Please also note that you will need a correctly configured installation of BatchJobs
in order to use this functionality which, depending on the type of cluster you are on, might include a .BatchJobs.R
file in your working directory and a template file defining cluster functions. I will paste my configuration files below but you will have to adapt them in orde to use the batchTallies
function.
This is the example configuration I use.
cluster.functions <- makeClusterFunctionsLSF("/home/pyl/batchjobs/lsf.tmpl")
mail.start <- "first"
mail.done <- "last"
mail.error <- "all"
mail.from <- "<[email protected]>"
mail.to <- "<[email protected]>"
mail.control <- list(smtpServer="smtp.embl.de")
For explanations of how to customize this have a look at the BatchJobs
documentation here.
The important part is the first line in which we specify that LSF
shall be used. The call to makeClusterFunctionsLSF
has one parameter specifying a template file for the cluster calls. This template file has the following content.

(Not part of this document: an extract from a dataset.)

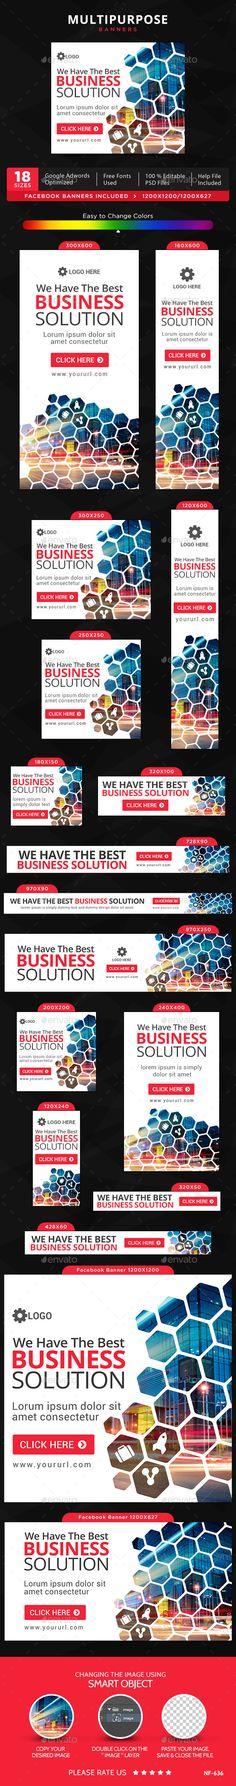 Multipurpose Banners Template #design #ads Buy Now: http://graphicriver.net/item/multipurpose-banners/12878008?ref=ksioks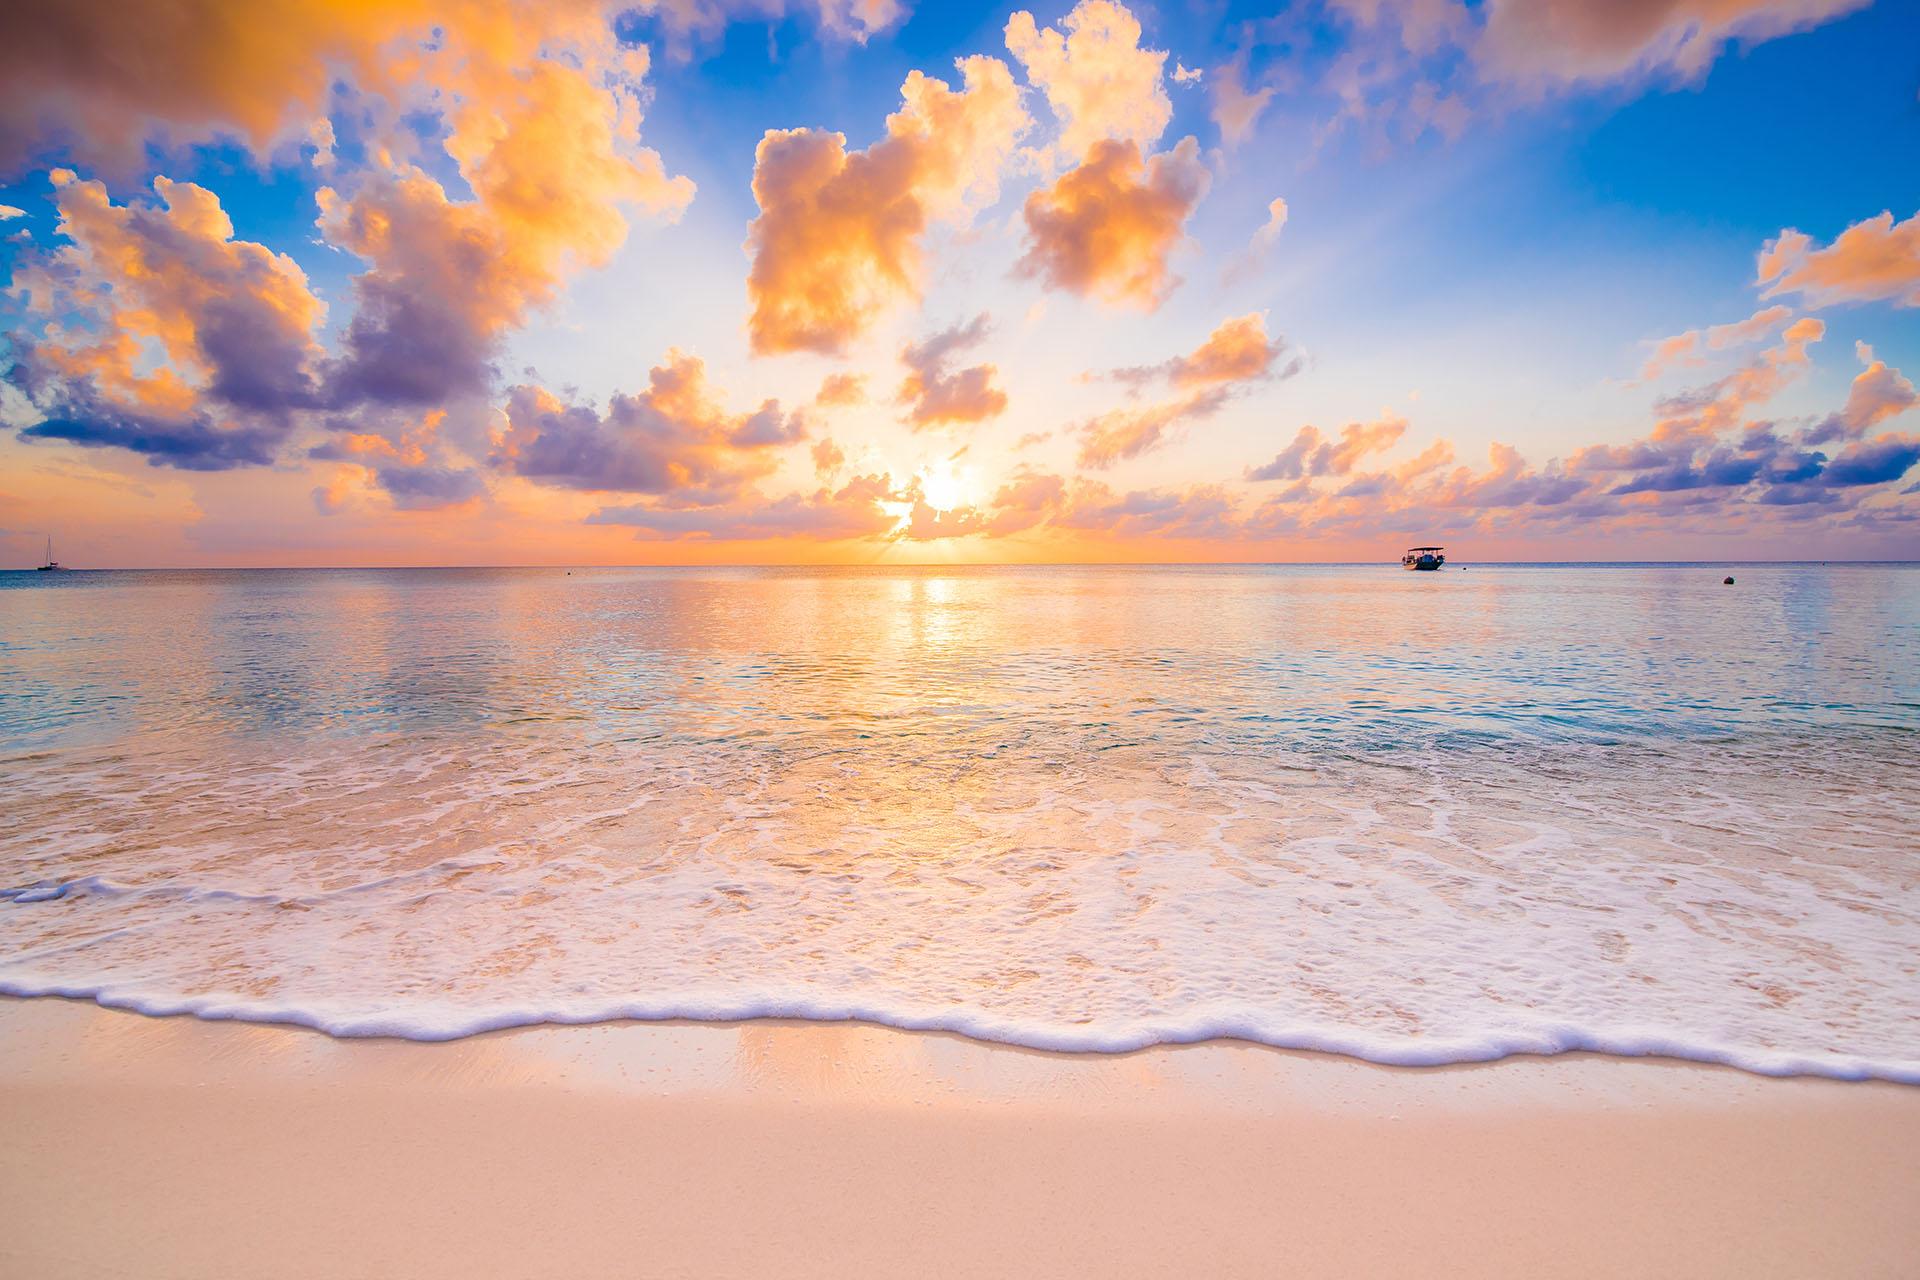 grand cayman photographer wall art www.irenecorti.com

## Default resources can be set in your .BatchJobs.R by defining the variable
## 'default.resources' as a named list.
## remove everthing in [] if your cluster does not support arrayjobs
#BSUB-J <%= job.name %>[1-<%= arrayjobs %>] # name of the job / array jobs
#BSUB-o <%= log.file %> # output is sent to logfile, stdout + stderr by default
#BSUB-n <%= resources$ncpus %> # Number of CPUs on the node
#BSUB-q <%= resources$queue %> # Job queue
#BSUB-W <%= resources$walltime %> # Walltime in minutes
#BSUB-M <%= resources$memory %> # Memory requirements in Kbytes
# we merge R output with stdout from LSF, which gets then logged via -o option
R CMD BATCH --no-save --no-restore "<%= rscript %>" /dev/stdout
Once this setup is functional we can test it with the following little script (you might have to change your resources, e.g. the queue name etc.).
library("BiocParallel")
library("BatchJobs")
cf <- makeClusterFunctionsLSF("/home/pyl/batchjobs/lsf.tmpl")
bjp <- BatchJobsParam( cluster.functions=cf, resources = list("queue" = "medium_priority", "memory"="4000", "ncpus"="4", walltime="00:30") )
bplapply(1:10, sqrt)
bplapply(1:10, sqrt, BPPARAM=bjp)
With the fully configured batch system you can then start tallying on the cluster.